This software allows you to get files from a corrupted NTFS file-system that cannot be mounted normally, but still has some data stored somewhere (e.g. when your flash drive fails). It assumes you have already imaged the faulty disk using software like ddrescue or just simple Unix dd.

Once you have the image, try to get file out like this:

ntfs-reclaim --partition-offset 8064 -m ddrescue.map disk.img output-directory

The ddrescue.map file is optional, but helps when you want to know which files are corrupted.

Partition offset is a 512b sector number at which the NTFS partition starts. You can use e.g. the following command to get the list of partitions and their start sectors:

fdisk - l ddrescue.img
...
Device     Boot Start      End  Sectors  Size Id Type
bk1.img1   *     8064 60632063 60624000 28.9G  7 HPFS/NTFS/exFAT

Use the number in the Start column as the partition offset. If you are using a disk/flash without partitions, or you have imaged a single partition, specify 0.

Some useful options:

  • -h: To get help
  • --parse-indices: Parse NTFS Indices to recover extra directory names. Might produce some dummy/old/extra directories.
  • --reuse-sigs: Speedup the scan if re-running the reclaim process with different arguments.

Output

The files will be recovered into output-directory/files. There will be a root folder for the file-system root directory (/) and unknown-xxxx directories when ntfs-rescue cannot figure where to place the files/or directories.

There will also be a report (corrupted-report.txt) in the output directory about files that can not be recovered or their content is corrupted. But be aware that the file-system might be so corrupted that some files will not be in this report. You have to provide a ddrescue map file (-m option) to get reports about corrupted sectors in a file. And also keep in mind that even if ddrescue claims that the sector was readable, the data might still be corrupted.

To sum it up: the report shows files that are known to be corrupted. But the fact that the file is there is no guarantee that it is OK.

Getting ntfs-reclaim

Either compile from source using Rust's cargo or download a a version for Linux / Windows from the GitHub release page.

Missing Stuff

  • Attributes
  • Alternate streams
  • File Dates
  • Attribute Lists (internal feature used for files with large meta-data)

Similar Software

  • Various commercial offerings
  • Scrounge NTFS:
    • Most similar, works well.
    • ntfs-reclaim might be able to recover more file-names and be a bit more resilient.
  • Salvage NTFS: outdated, hard to get working today.
  • photorec from TestDisk:
    • Uses different approach, can be combined with ntfs-reclaim

AFAIK, ntfs-reclaim is the only free software that can use ddrescue image maps.

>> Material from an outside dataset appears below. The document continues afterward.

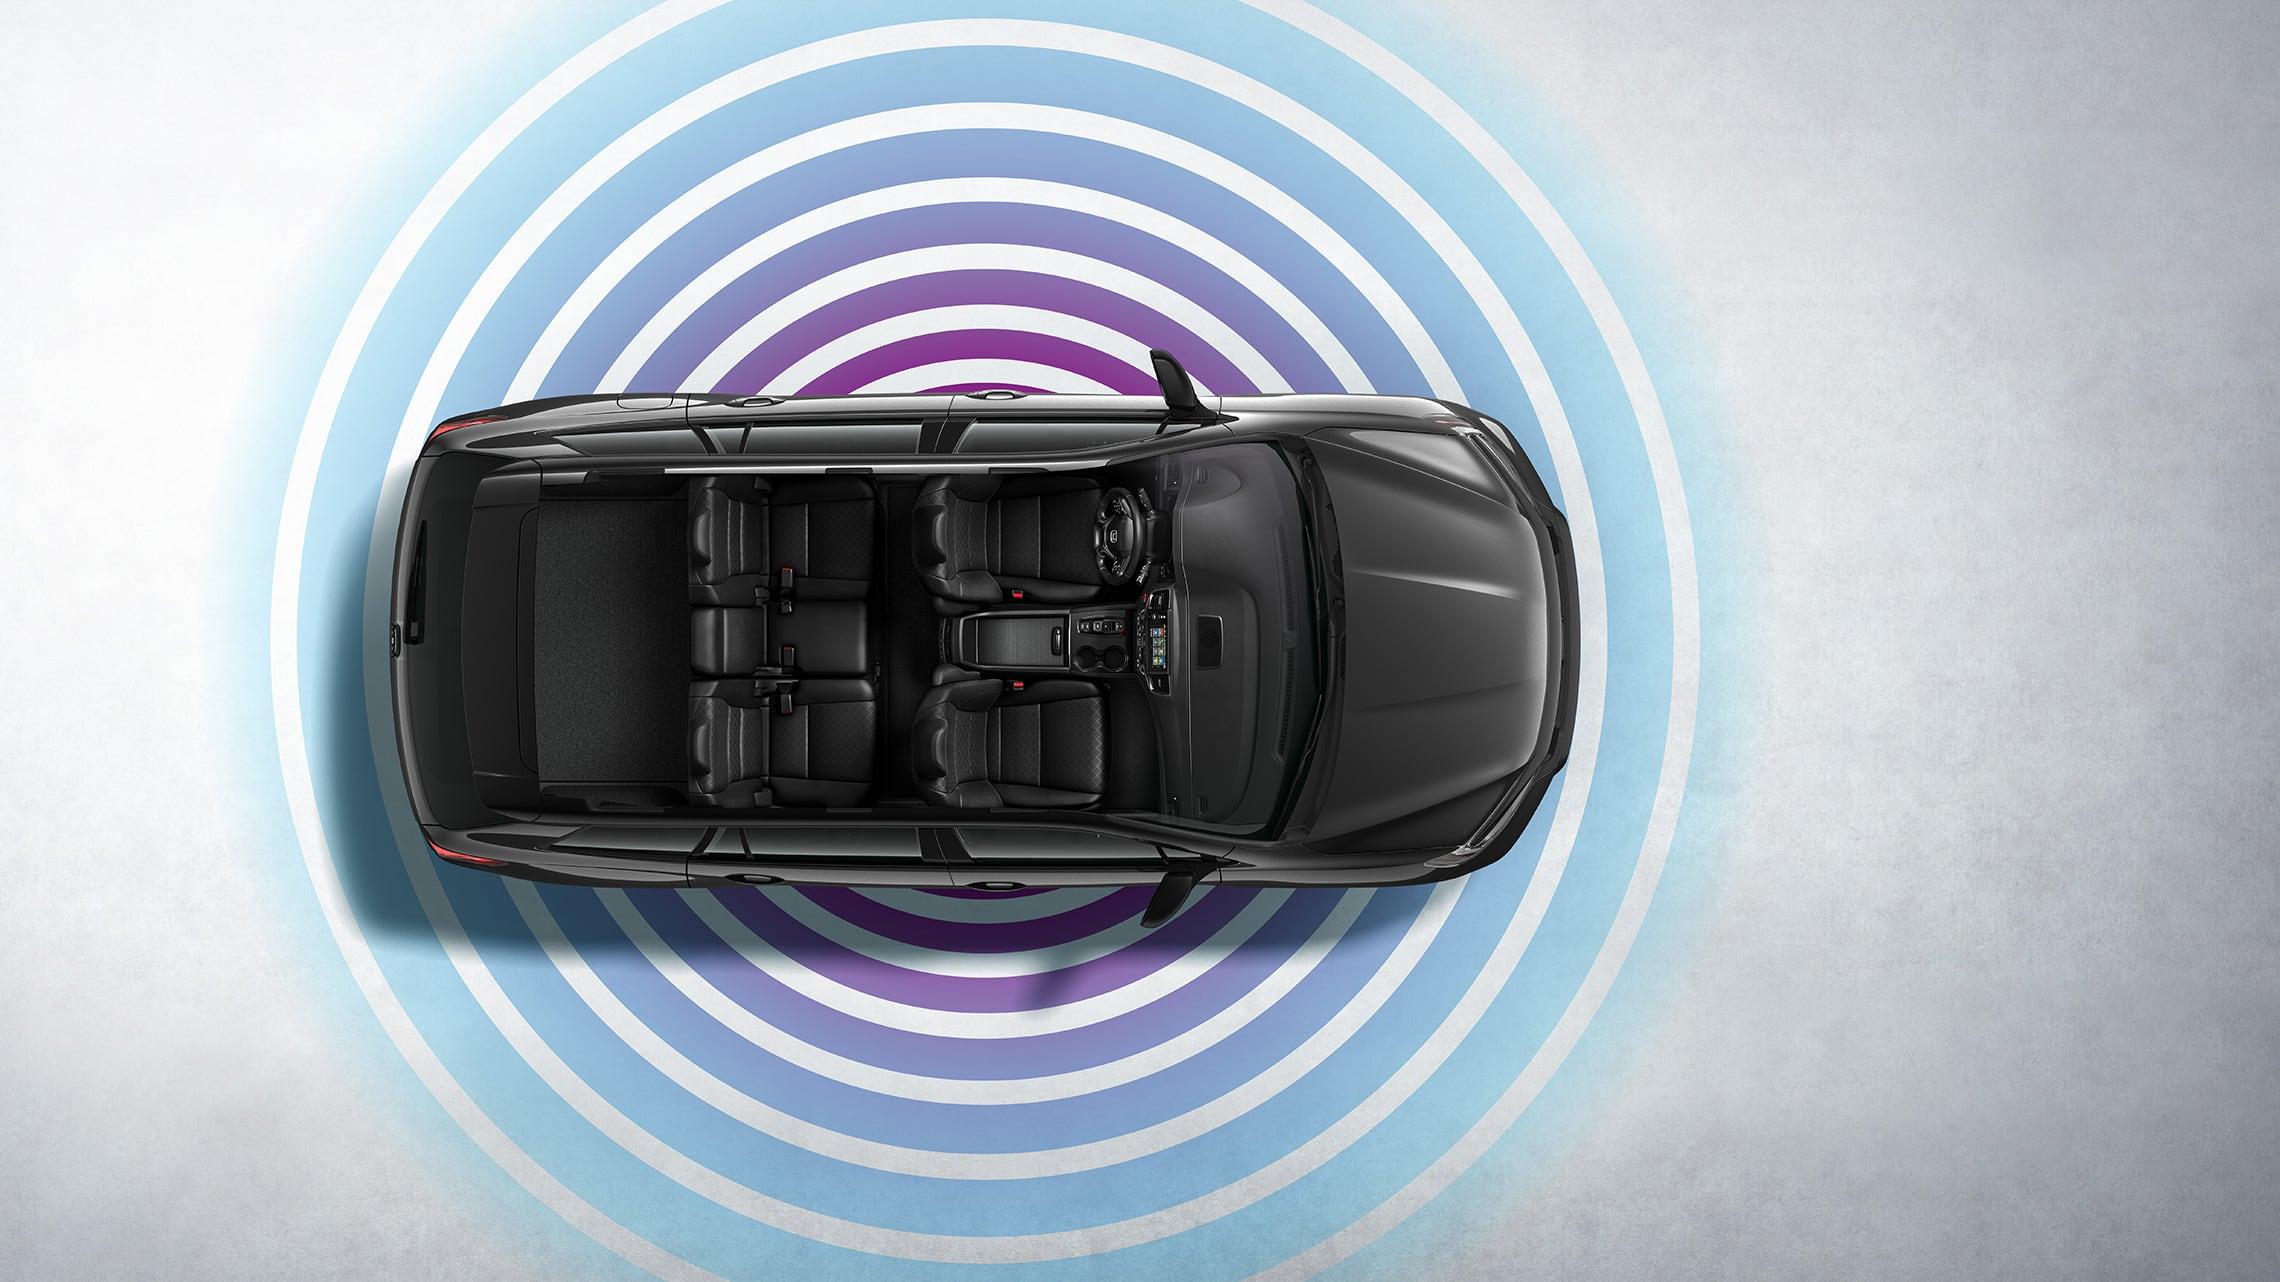 Vista aérea de la Honda Passport Elite2021 en Modern Steel Metallic que muestra la característica de zona interactiva Wi-Fi®.

It uses the map file to generate a report of corrupted files.

Analysis Algorithm (Technical Details)

  1. Parse the boot record, if not possible (corruption), use the values provided on command-line.
  2. Perform a full scan of the image looking for File Records and Index signatures.
  3. Figure out the directory structure from the parsed File Records and Indices. Prefer the File Records as a more reliable source for file-names.
  4. Dump all files using the given directory structure.

MFT IDs

The File Records use their index in the MFT (Master File Table) to refer to each other. We reconstruct the MFT ID based on the position of the record relative to --mft-first-cluster (if it is available).

On NTFS 3.1+ , the MFT ID is also written in the record. If both sources are available, the record is didscared if they do not match.